En Égypte, l’accent a également été mis sur la « démocratisation » des législatives qui devaient se dérouler dans une « transparence totale » (Al Gumhurriyya, 25.11.2005) garantie par des urnes transparentes, la supervision des juges, l’accès des observateurs des ONG aux bureaux de vote et la « neutralité » des forces de sécurité. Reste à se demander pourquoi les mêmes modalités ne furent pas appliquées lors du référendum sur l’amendement constitutionnel organisé en mai 2005 et lors des élections présidentielles.

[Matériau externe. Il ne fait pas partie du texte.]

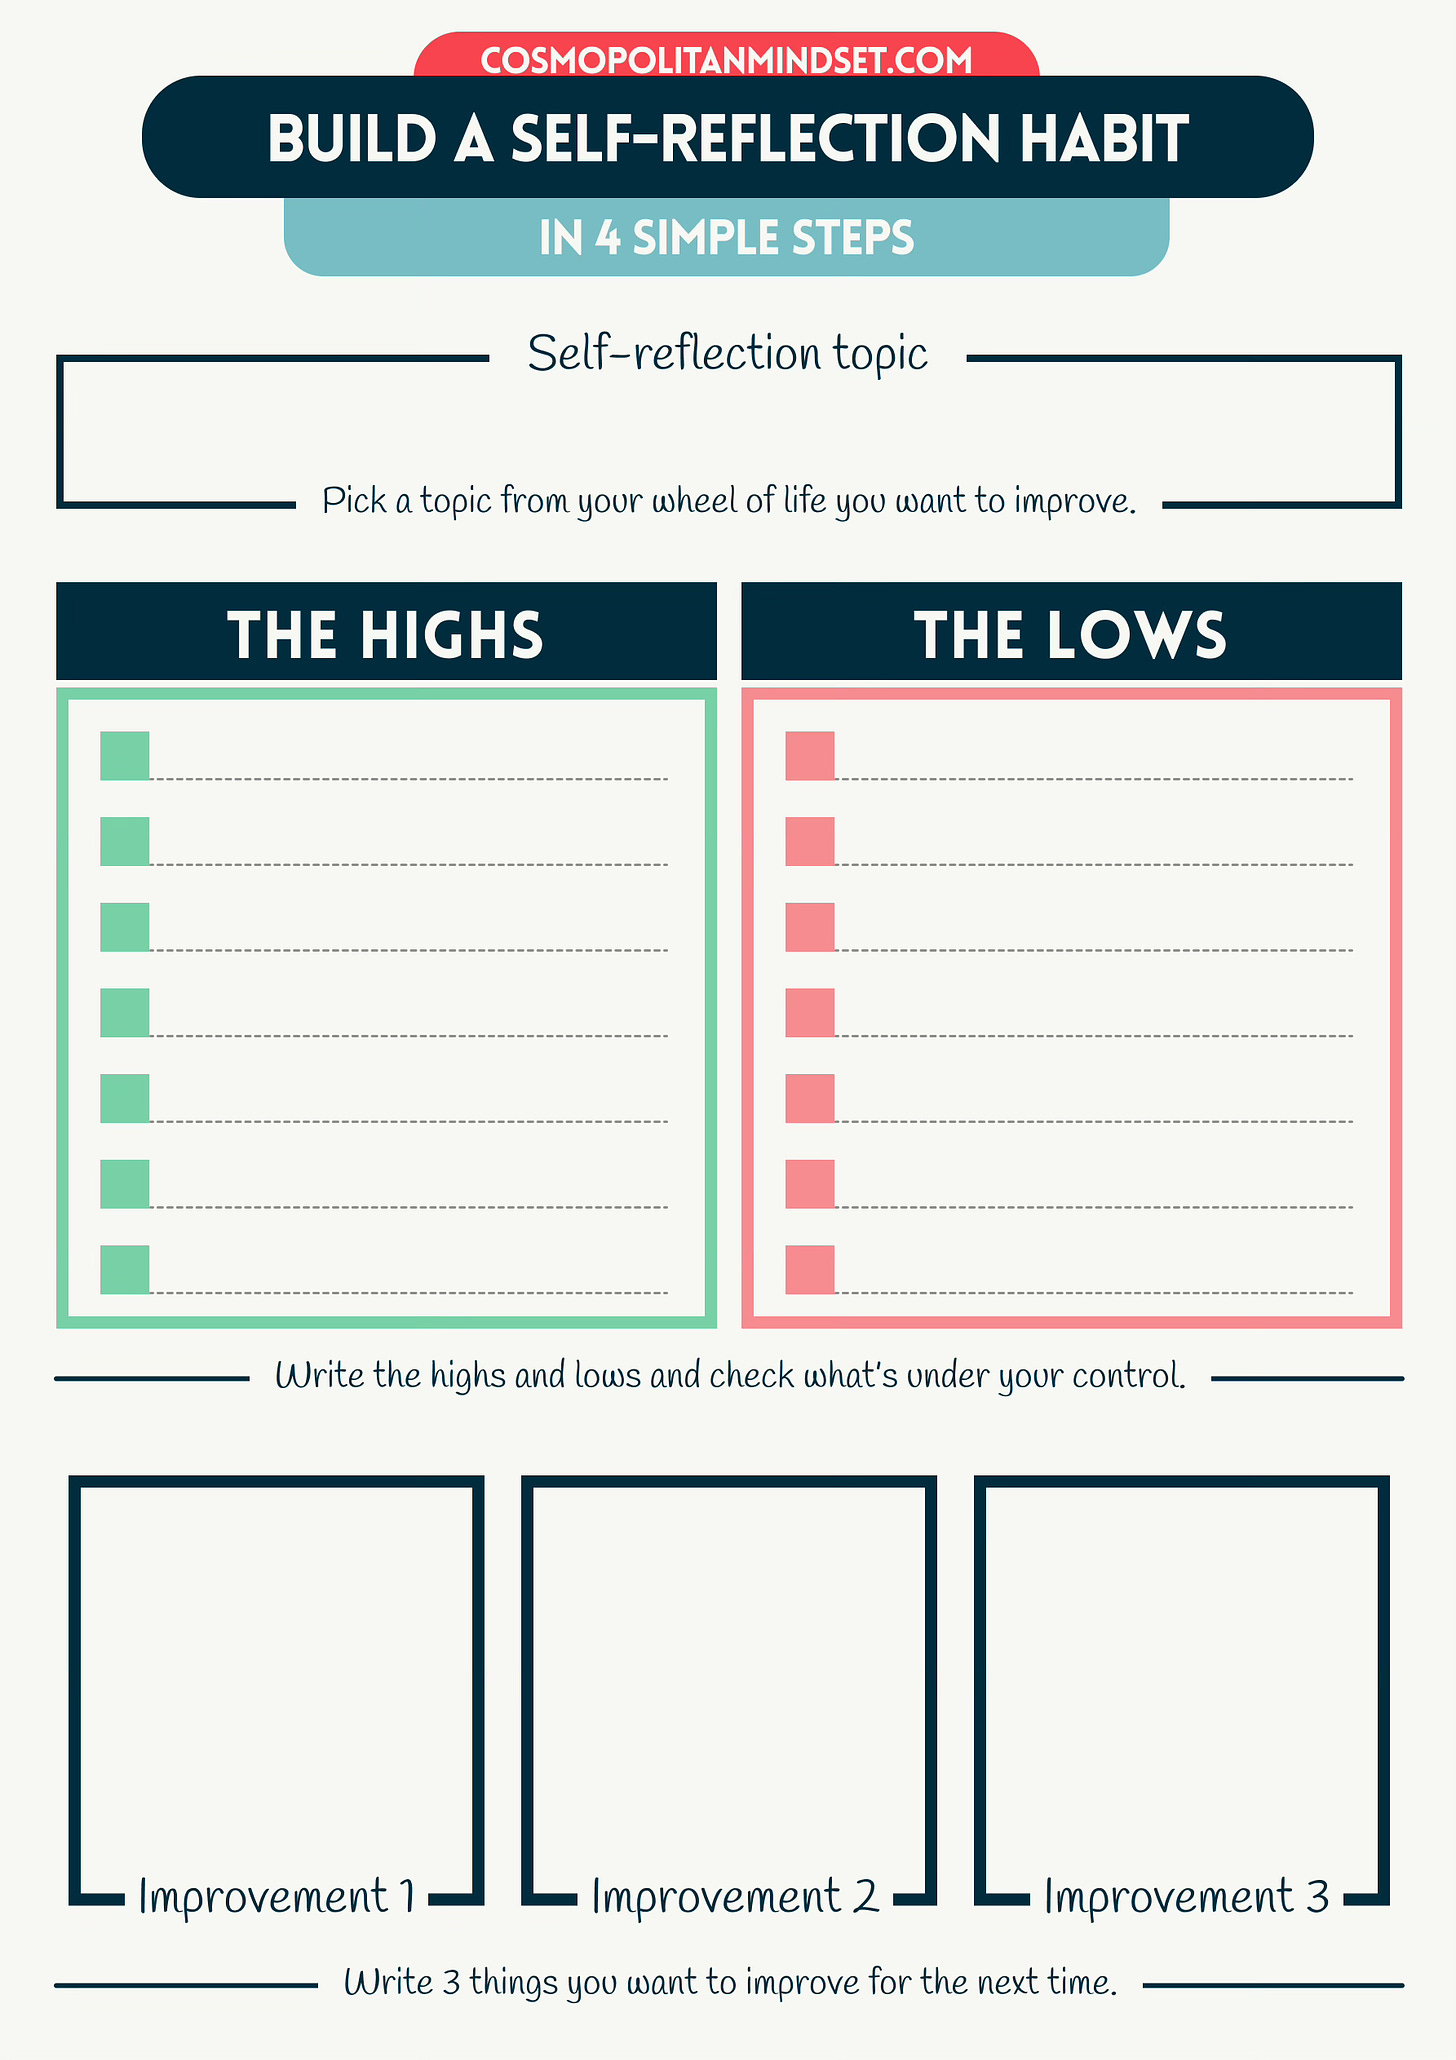 How To Build a Self-Reflection Habit in 4 Simple Steps

Une trop grande publicité de l’utilisation de tout ‘le menu de la manipulation’ (Schedler, 2002) : gerrymandering, trucage du taux de participation, falsification des listes électorales, bourrage des urnes et irrégularités lors du décompte des voix, aurait visiblement donné une mauvaise image de l’élection du chef de l’État. Dans le cas des élections parlementaires, une telle « visibilité » était apparemment moins nuisible à l’image internationale du régime.

L’ajustement ad hoc n’est pas seulement conduit par le haut, mais aussi par le bas. D’un processus électoral à l’autre, les partis politiques font varier leurs stratégies de la participation au boycott, de la coalition avec les concurrents au recours à la violence. La « transparence » des dernières élections parlementaires en Égypte s’est dégradée d’un tour à l’autre. L’organisation en trois étapes a permis des ajustements tactiques des répertoires d’action : accord tacite entre rivaux et achat de votes lors de la première, blocage des bureaux de vote par les partisans des candidats à la seconde et intervention des forces de sécurité lors de la troisième.

1.3. Absence de programmes politiques

De façon paradoxale, l’absence de programmes politiques contraste avec le fait que les élections sont un moment par excellence de la réforme politique. Les grands chantiers de la politique économique et sociale sont pratiquement absents de la campagne électorale. Les préparatifs des élections présidentielles en Égypte en 2005 ont remis sur l’agenda les questions suivantes : modalités de l’organisation et de la supervision des élections, levée de l’état d’urgence, loi sur les partis politiques et loi sur les libertés politiques. Au Maroc, les consultations entre le Palais et les partis de l’opposition ont porté sur l’amendement constitutionnel en vue des élections parlementaires de 1997. Le débat sur la réforme politique et sur les règles du jeu, présenté par tous les acteurs comme un préalable à l’élection, monopolise le discours des leaders politiques. Les sujets économiques, chômage et inflation, sont relégués au second rang.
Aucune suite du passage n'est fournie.